Touts on notice: government to outlaw resale above face value
Whitehall has finally committed to killing the profit motive in ticket resale, capping prices at face value and putting platforms on the hook to police it.
The thing campaigners have wanted for the best part of a decade is now on the table. On 19 November 2025 the government published its response to the 'Putting Fans First' consultation and confirmed it will make reselling a live-event ticket for more than you paid illegal. Prices will be capped at face value plus a narrow band of 'unavoidable fees' — and that is it. The markup, the flip, the 300 percent gouge: gone, in principle.

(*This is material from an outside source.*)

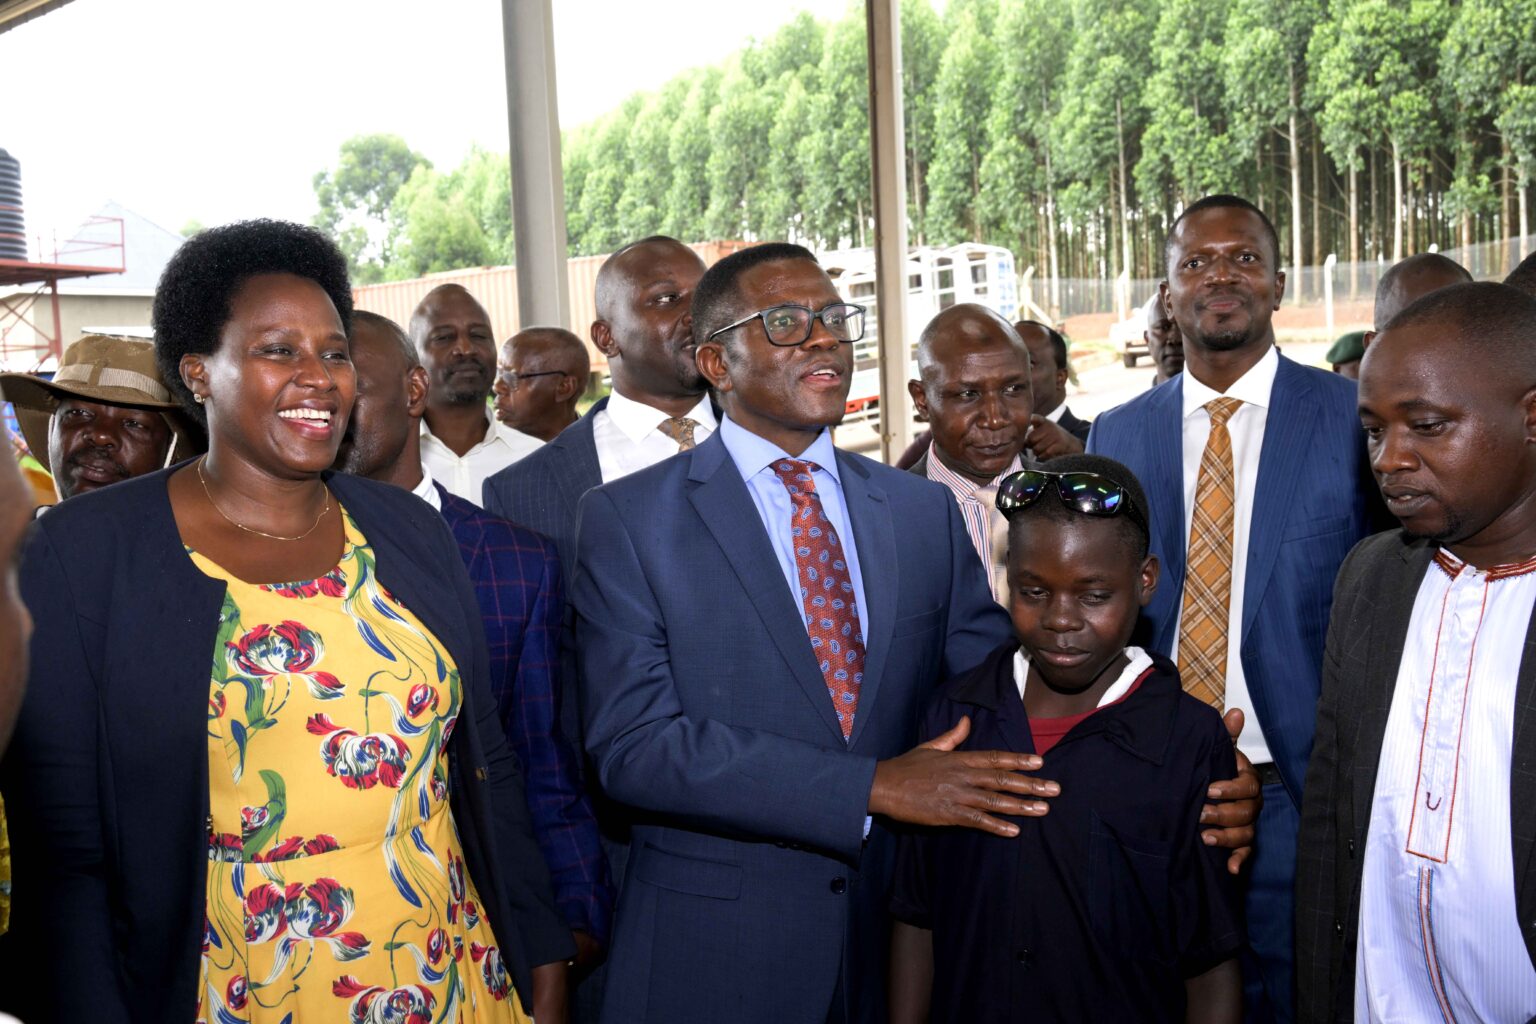 Jane Barekye, the State House Comptroller, and Charles Peter Mayiga, the Buganda Kingdom Premier, at the launch of the Zonal Skilling Industrial Hub in Masaka.

It does not stop at the seller. Resale platforms will carry a legal duty to monitor and enforce the cap, and their own service fees get capped too — closing the obvious loophole of strangling supply at face value while quietly fattening the booking fee. There will also be a hard limit on flogging more tickets than you were entitled to buy in the first place, which is how the industrial-scale touts have always operated.
The teeth come from the CMA under the Digital Markets, Competition and Consumers Act 2024. Breach the rules and the fine can reach 10 percent of global turnover — the kind of number that makes a boardroom in California pay attention, not just a bloke with a bot in a bedroom.
It is a policy, not yet a law, and the detail of those 'unavoidable fees' is where this gets won or lost. But after 416 usable consultation responses and years of grind, the direction is set. FanFair Alliance's Adam Webb called it 'fantastic news for music fans'. For once, hard to argue.